怒りは直接けんかや反抗的態度で積極的に表現する場合と強情をはったり、黙ってしまったり不快な顔をするといった消極的な表現があります。恐怖は幼児期のような具体的なものより想像上の問題から発生する心配や不安から起きます。競争心から出る嫉妬や周囲の人への愛情、社会的に役に立つことへの喜びなども育つようになります。
○2社会性
低学年ではまだ少人数での遊びが中心で、お互いの強い結びつきはありませんが、学年が進むにつれ仲間意識が強くなり、集団遊びを好むようになります。すると自然に集団の中にリーダーになる子どもが出現します。リーダーになる子どもは一般に身体が大きくて力がある、運動能力が優れている、勉強ができる、やさしく正義感が強い、公平な態度をとるなどみんなが頼れる特性を備えています。そのような集団の中で、協力しようとする気持ちや、また仲間や教師に認められたいという気持ち、競争心が生まれるようになります。
○3知的機能
学童期には訓練により集中力が養われ、学習によって記憶力が著しく発達します。思考の発達として具体的なものから抽象的な思考があらわれるようになります。またあるものの概念を言葉で説明する能力、推理して結論を出す能力、批判能力、解決能力、創造的思考力も発達します。
4 学童期をとりまく生活環境
1)食生活
学童期には活発な身体活動と急速な発育に充分なエネルギーを必要とします。
バランスの取れた食事、動物性蛋白質、カルシウム、ビタミンの摂取が重要です。また初経以後の女子では鉄分が必要です。近年朝食抜き、外食による緑黄色野菜の不足、油性分の過剰摂取、夜食のとりすぎなど好ましくない食習慣が問題になっています。その結果生じる肥満や反対に行き過ぎたダイエットによる不健康やせなどには適切な指導が必要です。
学童期の心理
学童期は大きく分け低学年と高学年に分けられ、低学年はまだ幼児性が強く親や家庭への依存が強い時期です。高学年になると独立心が強くなり、家庭生活も大事であるが、学校生活、友人関係が中心となります。体の発達も旺盛であるが個人的にも大きな差がみられ、また男女の差もはっきりしてきて異性に対しても意識し始めます。自律神経系が不安定で身体的発達と精神的発達がアンバランスで不安定になりやすいのも特徴です。
2)学校生活
学童期は友達を作り仲間と交わり友達や先生に認められたという時期です。グループを作って遊ぶなかで信頼関係が形成されていきますが、時に裏切られたりすると友人を信じられなくなり、ちょっとしたきっかけで不登校になる子もいます。
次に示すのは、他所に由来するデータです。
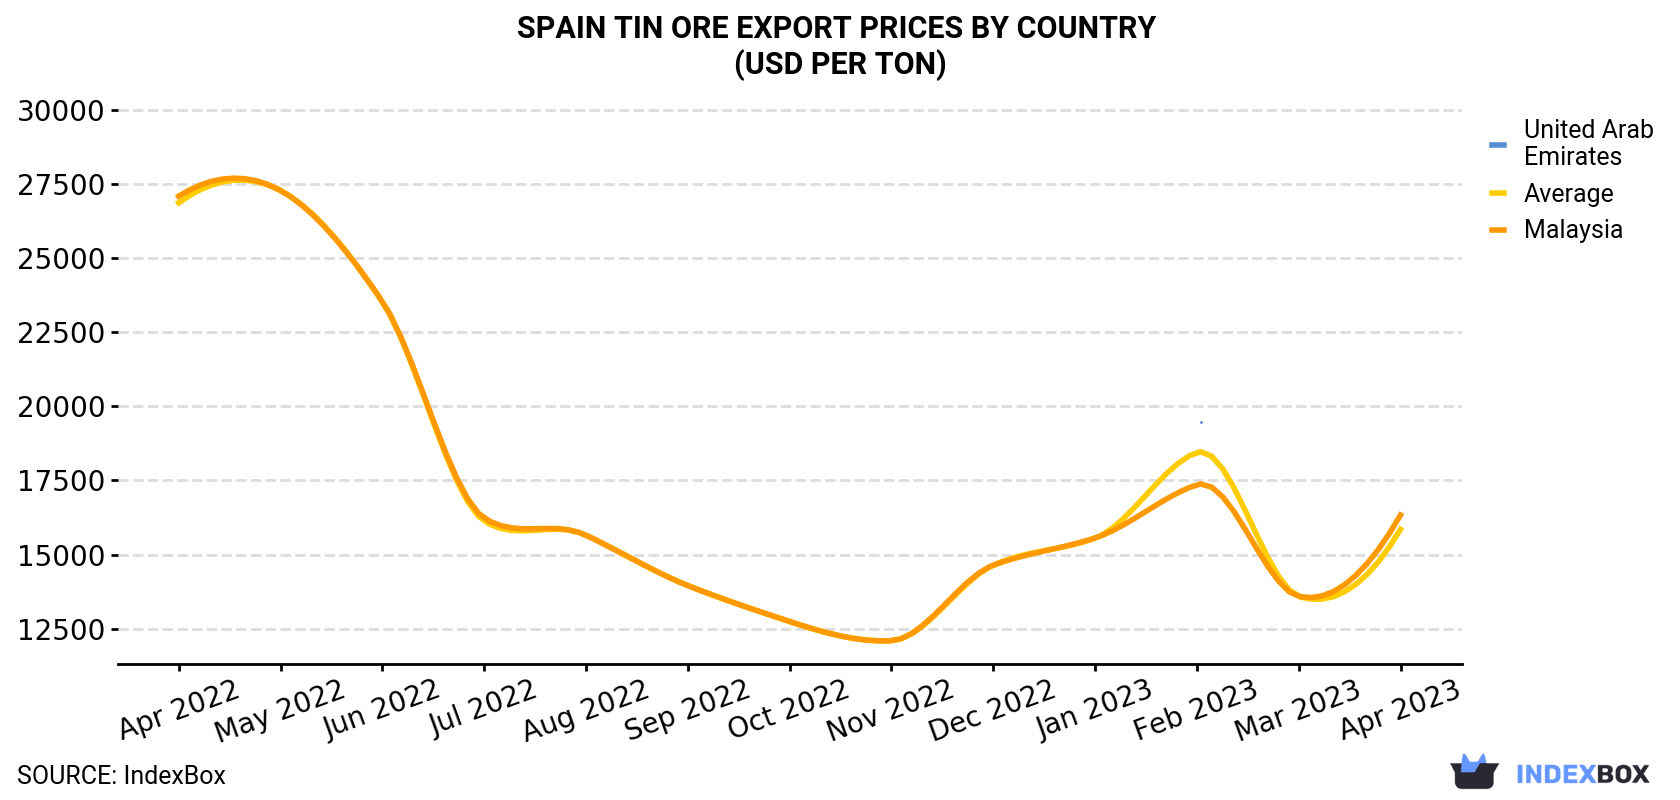 Spain Tin Ore Export Prices By Country (USD Per Ton)
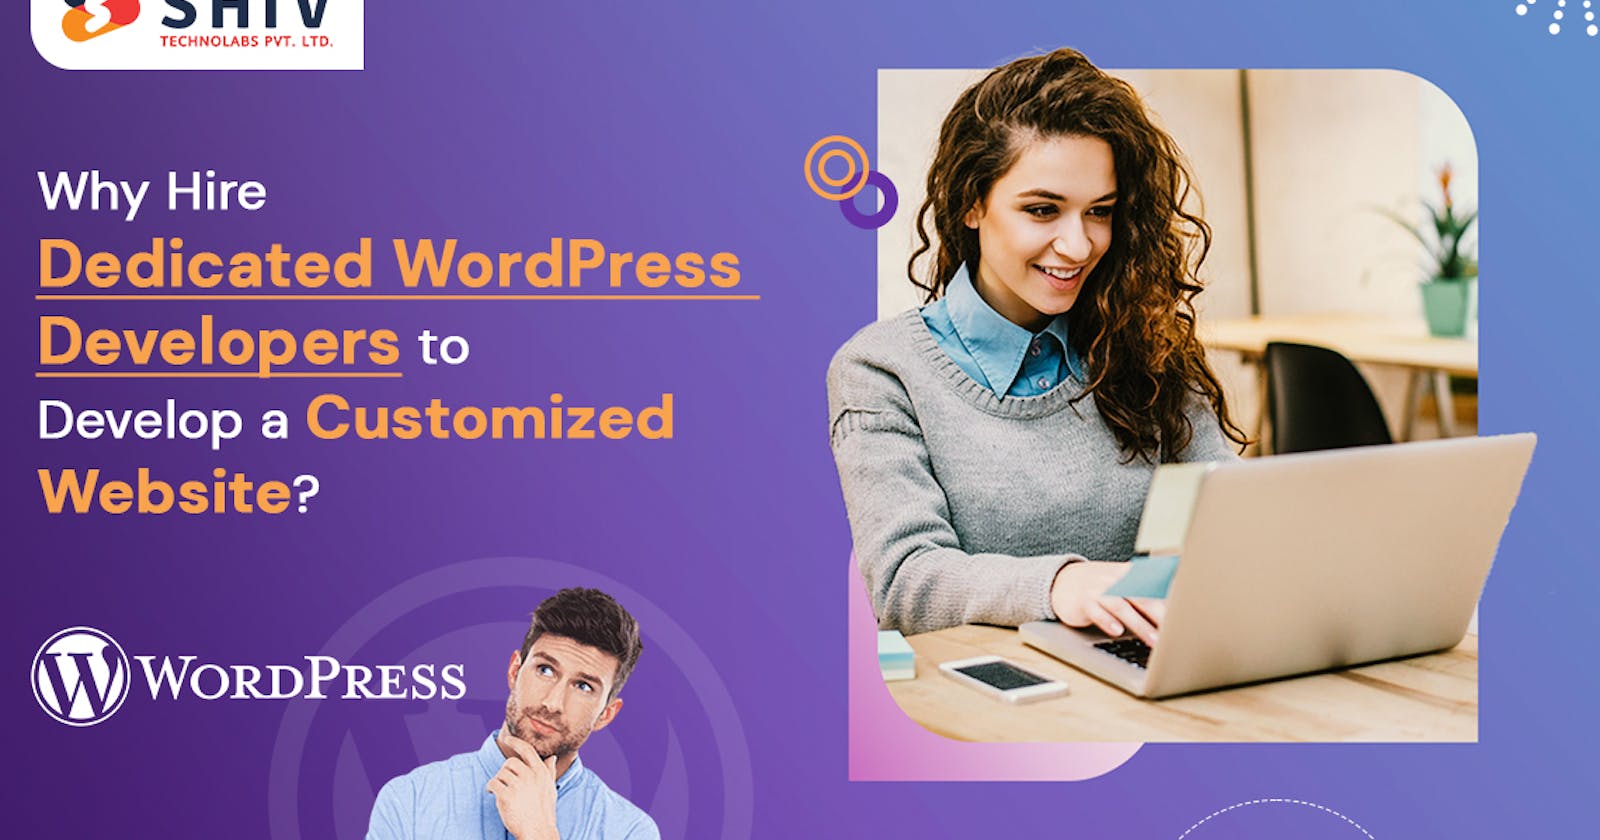 Why Hire Dedicated WordPress Developers to Develop a Customized Website?

いじめは早期に発見して対処しなくてはなりませんが、親が先走って教師に怒鳴り込んだりすると逆効果になることもあります。まずは本人が話せる環境を作ってあげることが大切です。その上で両親がそろって教師の協力を求めて解決に臨む姿勢を示す必要があります。
いじめの兆候としては急に無口になる、お金や持ち物がなくなる、衣服が汚れている、体に傷が目立つなどがあげられますが、最近はグループに入れてもらえない、悪口を言われるなどことばや心理的嫌がらせのいじめを訴える子が多くなっています。